Hi, I'm trying to recreate PHPMyAdmin through a website however, I can update data inside newer databases however, for existing databases I have this error going on
Warning: mysqli_num_rows() expects parameter 1 to be mysqli_result, boolean given in C:\xampp\htdocs\improject-master\table-browse-edit.php on line 48
I tried echo-ing $mysqli->error and this shows up
You have an error in your SQL syntax; check the manual that corresponds to your MariaDB server version for the right syntax to use near '' at line 1
I've tried looking through google for the solutions however to no avail they don't seem to work on this.
Here's my php
<?php
session_start();
error_reporting(E_ERROR | E_PARSE);
$tname = $_SESSION['tname'];
$row_id = $_SESSION['row_id'];
$dbname = $_SESSION['dbname'];
$conn = mysqli_connect("localhost", "root", "", $dbname);
$result = mysqli_query($conn, "SHOW COLUMNS FROM $tname");
$fields = array();
$new_fields = array();
$counter = 0;
if(isset($_POST['save'])){
$id = $_POST['id'];
$new_fields = $_SESSION['fields'];
$counter = $_SESSION['counter'];
$sql .= "UPDATE $tname SET ";
for($i = 0 ; $i < $counter ; $i++){
$sql .= $new_fields[$i];
$sql .= " = '" . $_POST[$new_fields[$i]] . "' ";
if($i < $counter - 1){
$sql .= " , ";
}
}
$sql .= " WHERE $row_id = $id";
$result = mysqli_query($conn, $sql);
if (!$result) {
$err = "Error updating data.

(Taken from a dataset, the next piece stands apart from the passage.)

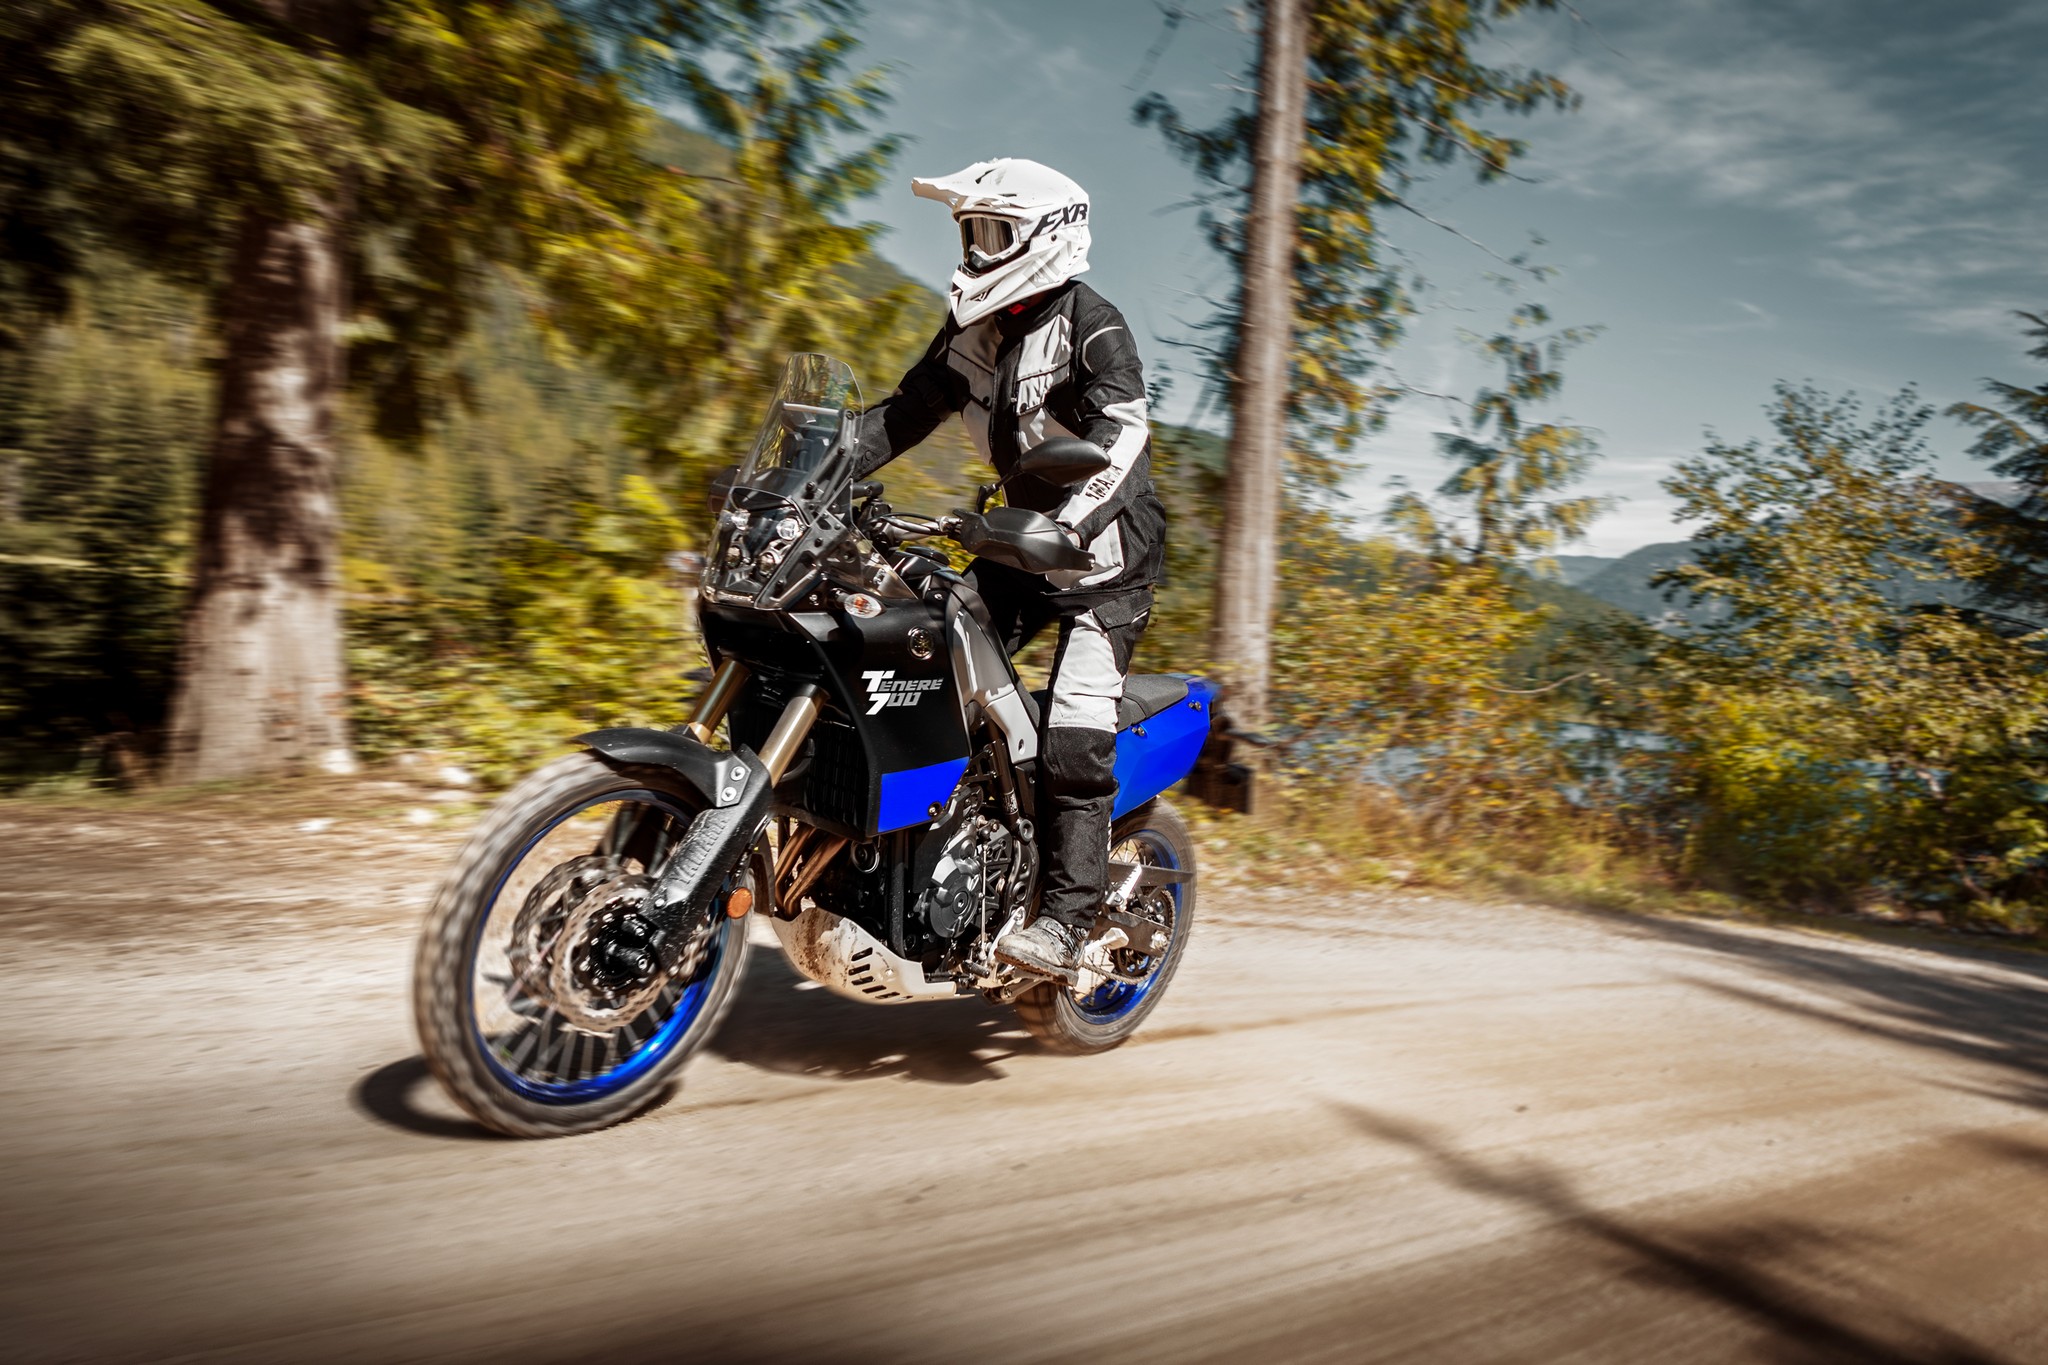 A view of a rider enjoying the new 2021 Yamaha Tenere 700

Please try again.";
} else {
header("Location: table-browse.php");
}
}
and the line that the error was referring to is
<?php if(mysqli_num_rows($result) > 0): ?>
How do I make it so that I can edit data inside old databases as well?
What I have tried:
It seems that this error happens when i try to pass a query to a database/table that was created within PHPMyAdmin itself. How do I remedy that?